Focused on fast growing consumer driven sector clusters of food, retail, tourism, health and others, as well as government spending-driven infrastructure and construction, the Report looks at investment opportunities across the full geographic spectrum of the Organization of Islamic Cooperation (OIC) growth markets and their global value chain.
The OIC represents a GDP in 2013 of US$6.7 trillion and is projected to grow from 2015 to 2019 at a higher rate (5.4%) than rest of the world (3.6%) or of the BRIC nations (3.9%.).
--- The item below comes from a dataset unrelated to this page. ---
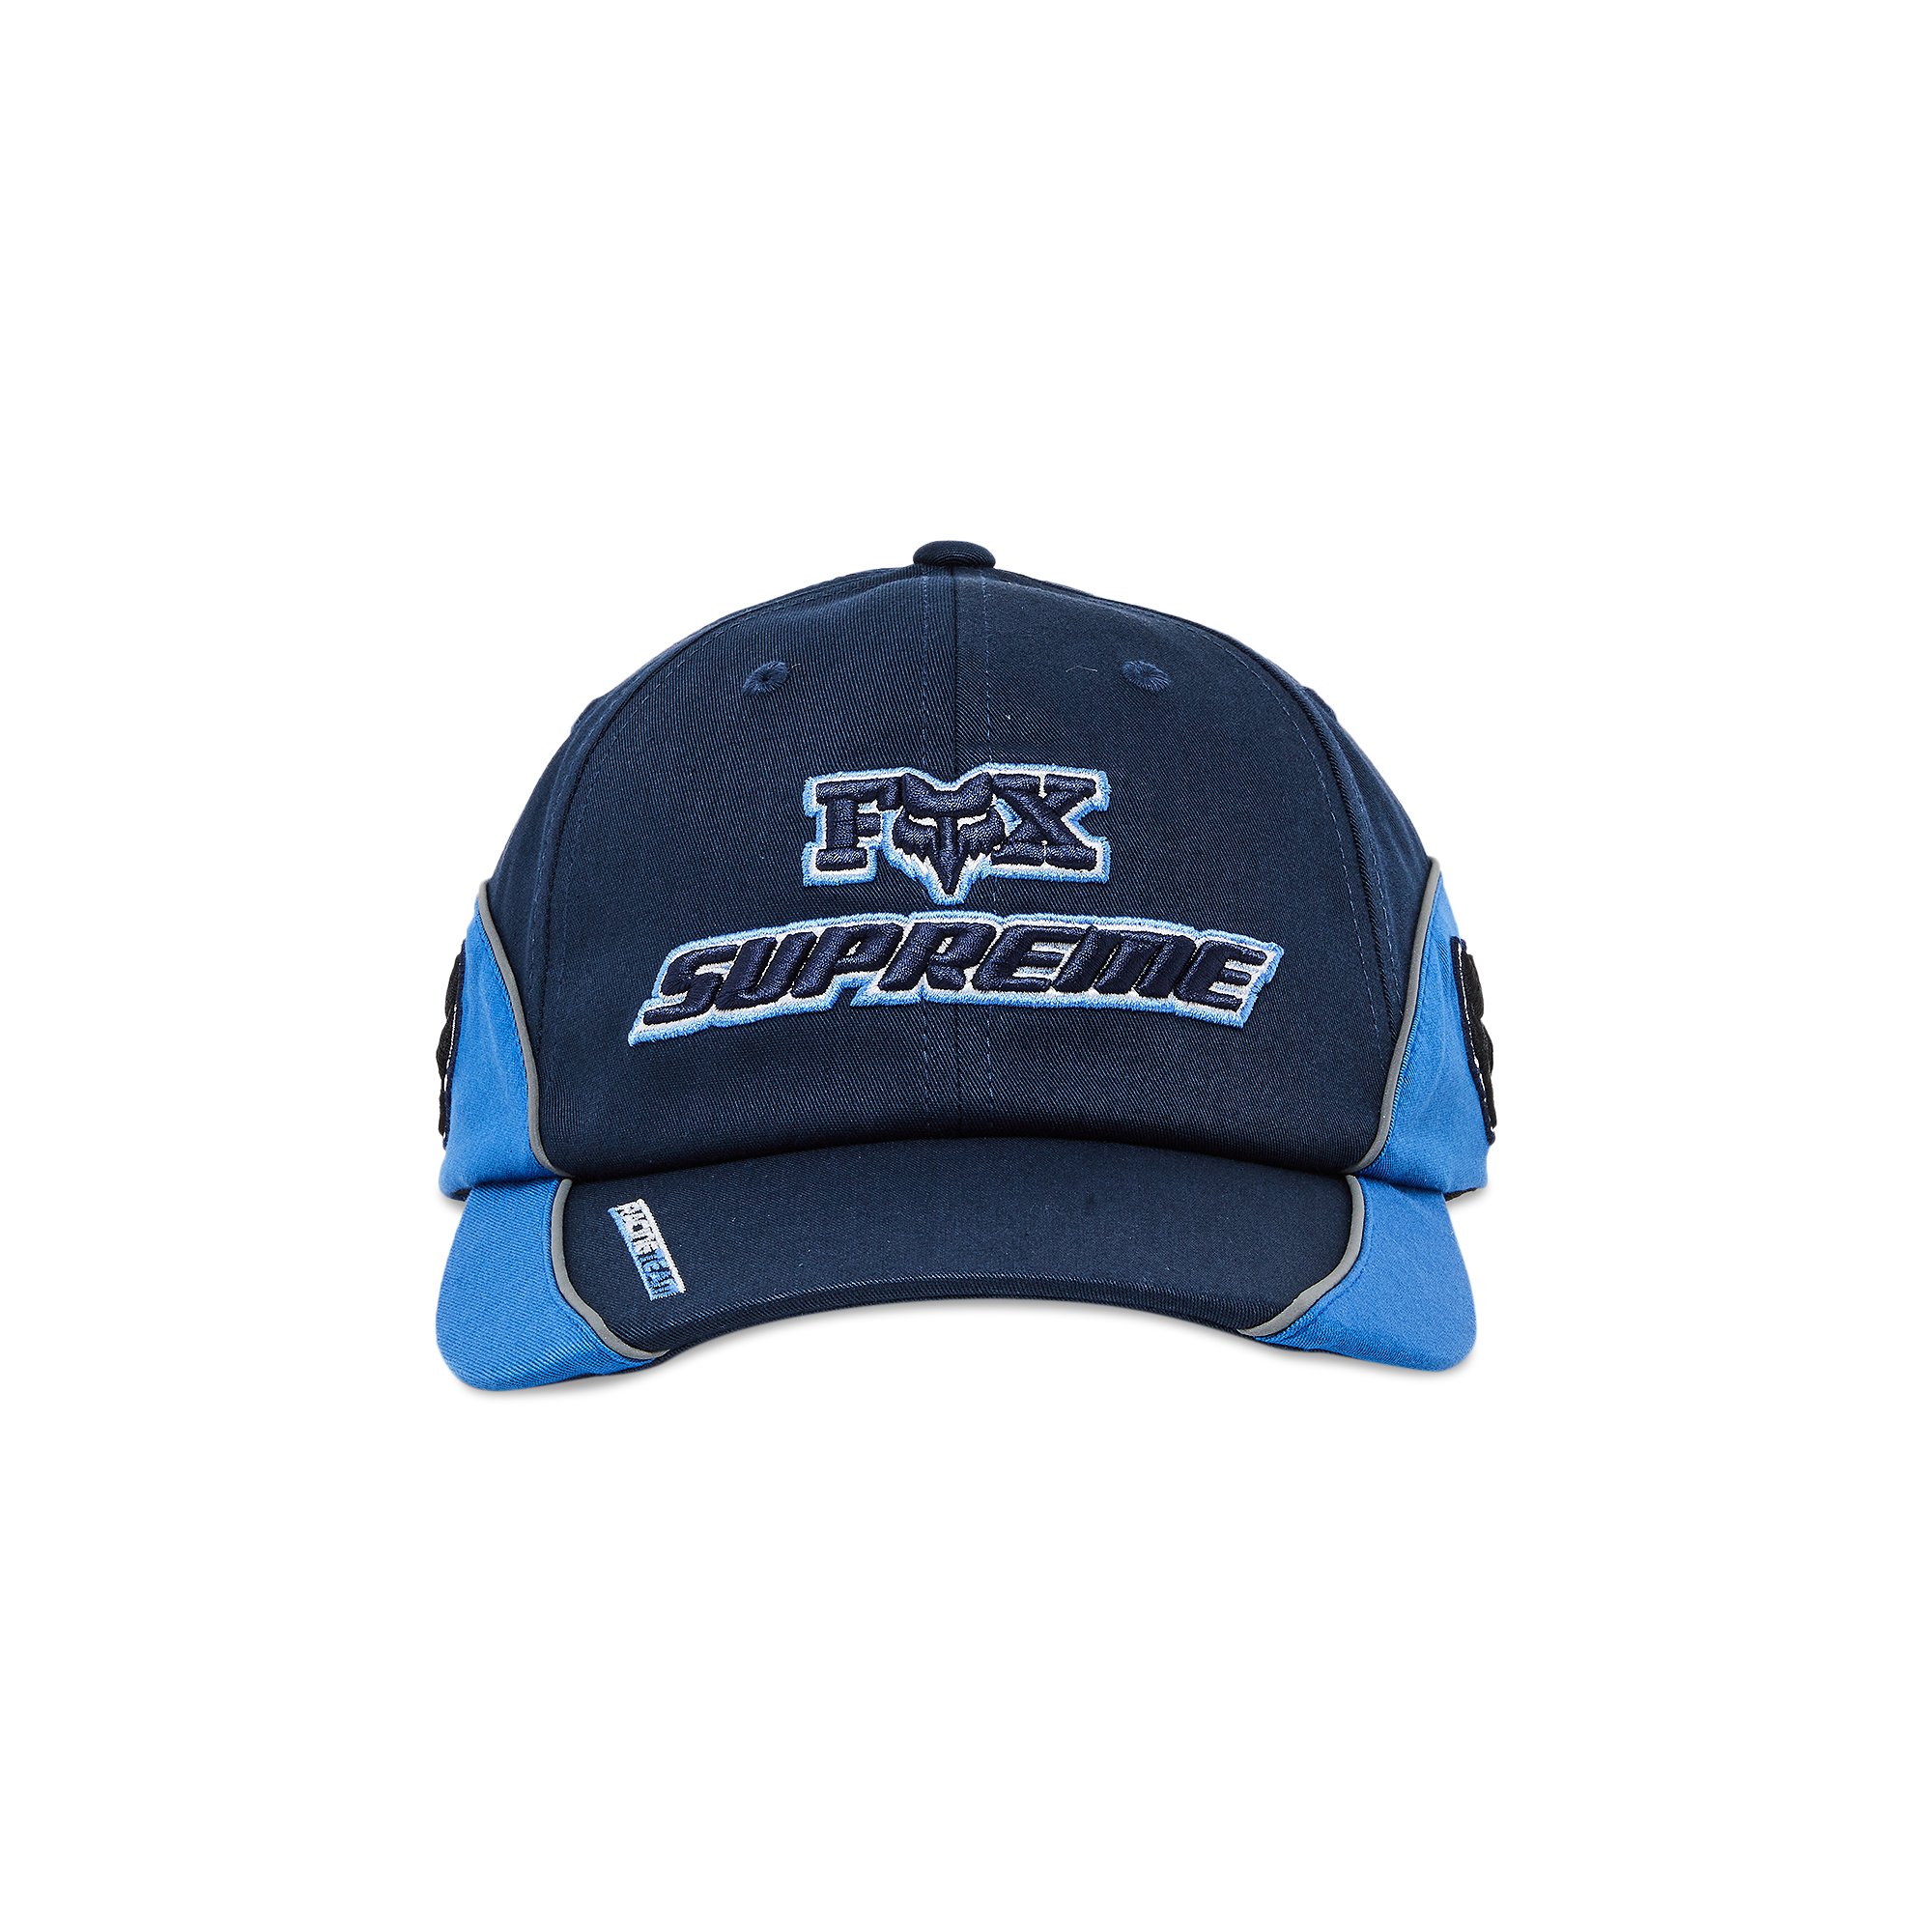 Supreme x Fox Racing, 6 панелей, синий

Malaysia, Indonesia, and UAE lead the inaugural 2015 Islamic Growth Markets Investment Index which ranks countries' investment potential relatively within the OIC member country grouping. GCC economies led by UAE are also on the top ten list including Qatar
and Saudi Arabia. Other markets on the top 10 include Kazakhstan, and
Turkey.
The Index is based on a set of nine metrics covering the
categories of a country’s growth fundamentals, growth momentum,
investment momentum and relative country risk. Indonesia shows the strongest growth fundamentals among the top three
as it has the largest population (249 million, 2013) and GDP (US$870
billion, current US$, 2013), while Malaysia has the strongest growth and
investment momentum (217% foreign direct investment inflows growth from
2009 to 2013).
DinarStandard’s OIC Industry Clusters Model has prioritized 10 sector
clusters within OIC countries that provide best opportunities for sector
based investment strategy. The top OIC sector clusters identified are: energy, food & agriculture, electronics, travel & transportation, metals, chemical & allied, plastics/rubber, textiles & related, infrastructure & construction, and health products & services.
Across each of the prioritised sector groupings, areas of competencies from different OIC markets across the value chain present unique investment/growth opportunities.